Fulton County Solicitor General Carmen Smith declined to comment when the AJC asked her if her office knew about the existence of Lisabeth’s admission or his mother’s testimony when one of her colleagues attempted to prosecute him. But a transcript of Lisabeth’s March 10 bench trial in Fulton does not mention those records.

“We only had circumstantial evidence based on the officer’s observations and communications at the accident scene,” Smith said in an email. “The defendant did not perform field sobriety tests or submit to a test of his blood, breath or urine.”

On March 17, Fulton State Court Judge Diane Bessen found Lisabeth guilty of reckless driving and following too closely but not guilty of driving under the influence of drugs.

“There was no evidence of drugs or drug paraphernalia at the scene, no odor of marijuana, nor any admission of consumption,” Bessen wrote in her decision. “Without establishing what might have caused defendant’s condition, there is no way this court can make a finding beyond a reasonable doubt on this charge.”

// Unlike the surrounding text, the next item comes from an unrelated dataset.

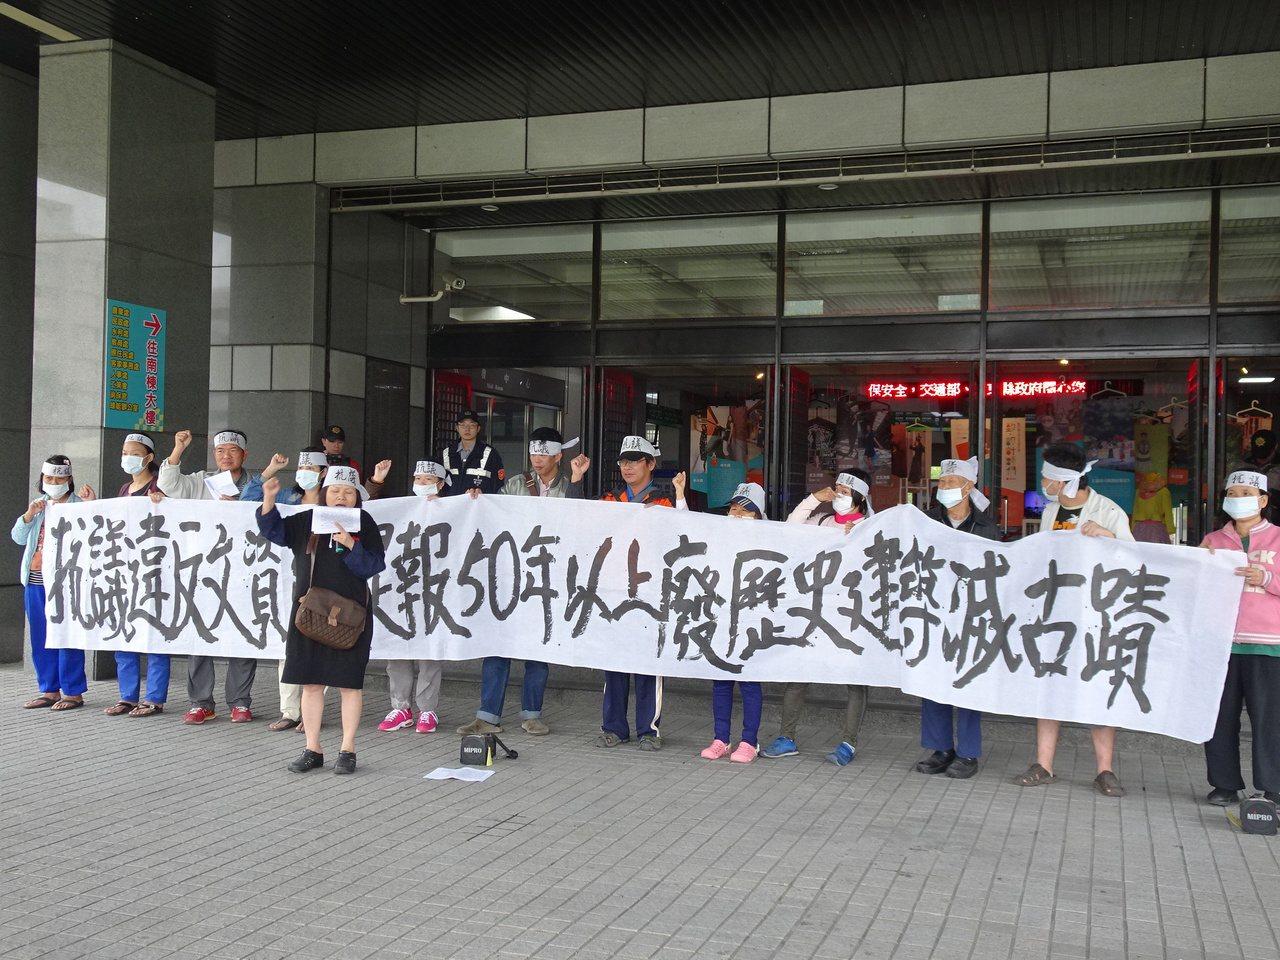 屏東縣議員蔣月惠下午率眾到縣府抗議又要拆老屋。記者翁禎霞/攝影

Kim Keheley Frye, a former prosecutor and now a DUI defense attorney who reviewed Bessen’s decision for the AJC, said the judge had no choice but to find Lisabeth not guilty.

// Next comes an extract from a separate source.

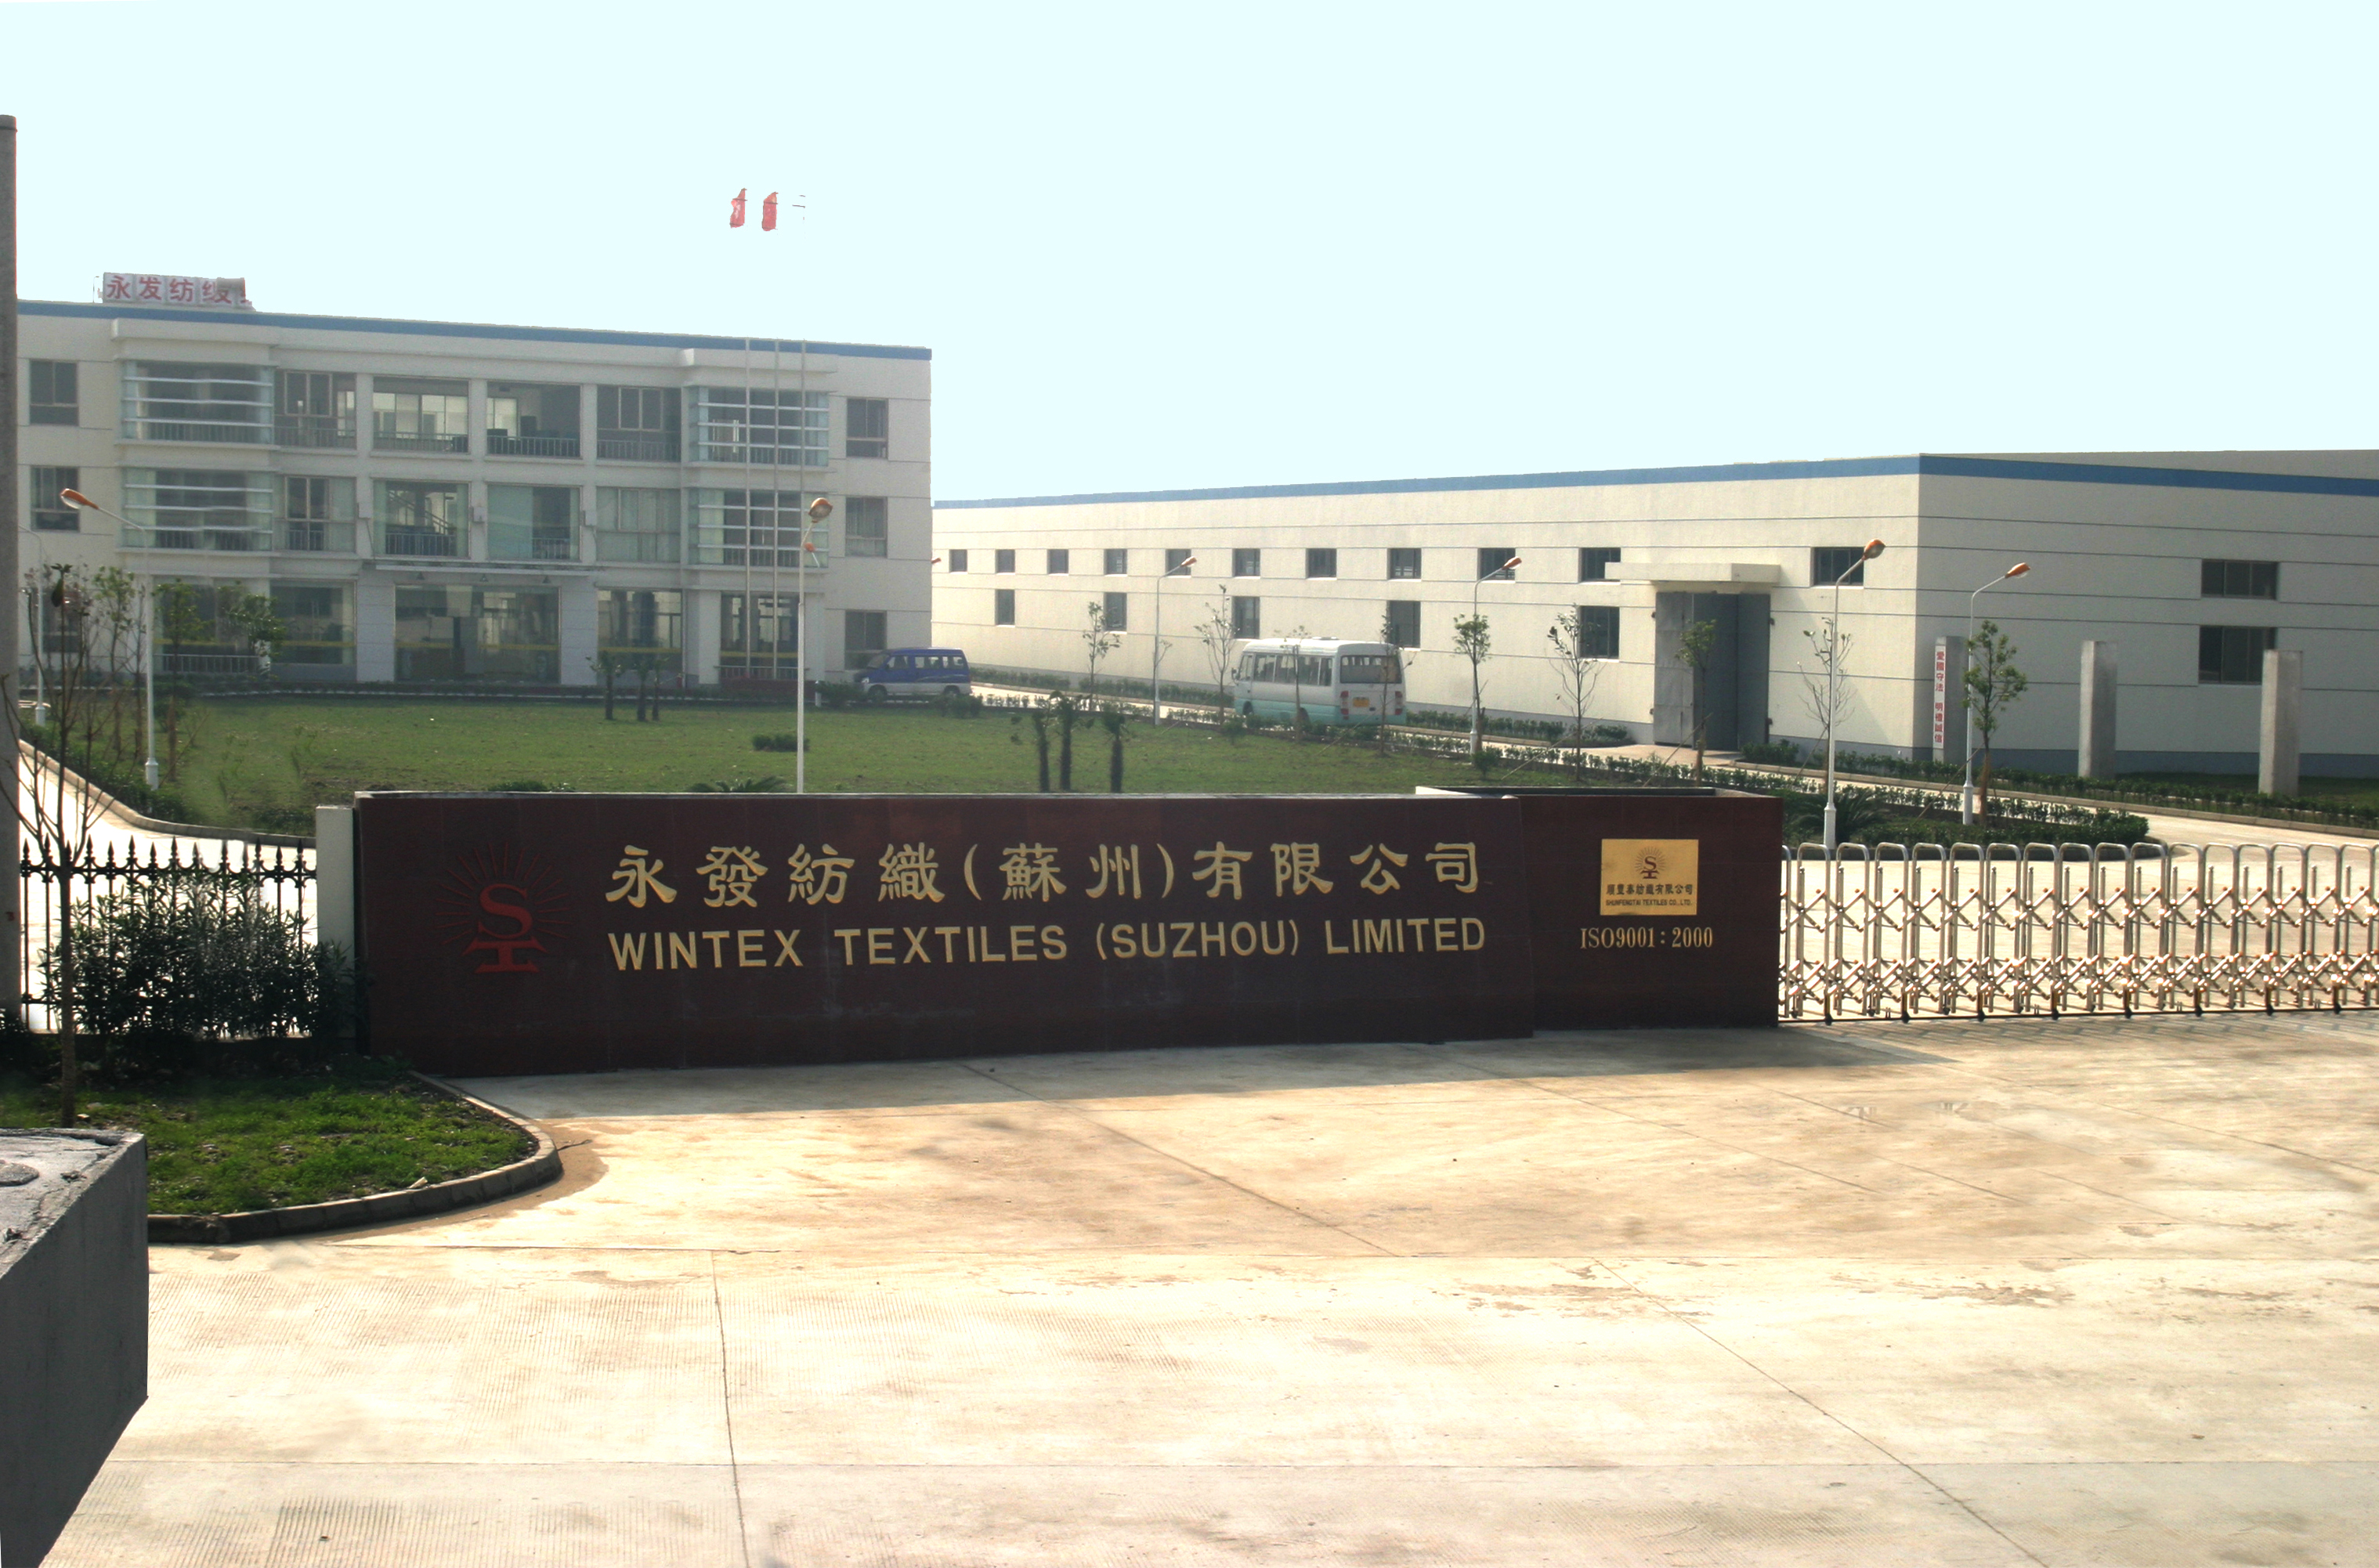 苏州工业园区顺丰速运有限公司招聘信息

“The officer was not properly trained,” Frye said of Dobler. “The state did not provide enough information regarding the cause of any impairment beyond a reasonable doubt.”

‘A failure of the justice system’

Last September, a Cherokee County Superior Court judge sentenced Lisabeth to a year in jail for violating his probation on burglary and forgery convictions by testing positive for opiates. Lisabeth, however, served only a fraction of that time — putting him back on the streets in December.

Four months later, Atlanta police arrested Lisabeth again, this time for allegedly plowing his car into the three young boys as they walked on a sidewalk along Joseph E. Boone Boulevard.

Cherokee Sheriff Roger Garrison said Lisabeth was given 38 days credit for time he had already served behind bars, and he received additional credit for good behavior and for working in the jail, which contributed to his early release. Georgia’s efforts to keep nonviolent offenders out of state prisons has also diverted people to county jails like the Cherokee detention center, leading to overcrowding, Garrison said. On May 31, Cherokee’s jail, which has capacity for 512 detainees, was holding 649.

“Sadly, it’s a common occurrence,” Garrison said about such early jail releases. “It’s virtually impossible to hold anyone the entire length of their sentence.”

Lisabeth is now at the Fulton County Jail facing a vehicular homicide charge in the death of 9-year-old Isaiah Ward. He has been placed in solitary confinement for his own protection because he has been receiving death threats, his attorney said. Police say he bought heroin somewhere nearby off Joseph E. Boone Boulevard and injected it minutes before he struck the boys. A police officer who investigated the accident scene said a syringe and a bag of heroin were found in Lisabeth's car.

Kellen Flatt was the motorist Lisabeth rear-ended in 2013 near IKEA. She said he appeared intoxicated. He was incoherent, his eyes were unfocused and his head was rolling around, she said. Flatt added Lisabeth had fallen asleep or passed out after he hit her and that she had to pat his cheek to wake him up. The wreck totaled her 1999 Volkswagen Jetta.

Flatt called the not guilty decision Lisabeth got for his DUI charge “a failure of the justice system because they are supposed to protect us.” She added that Isaiah Ward “had to pay the ultimate price because somebody along the line wasn’t completely faultless in doing their job.”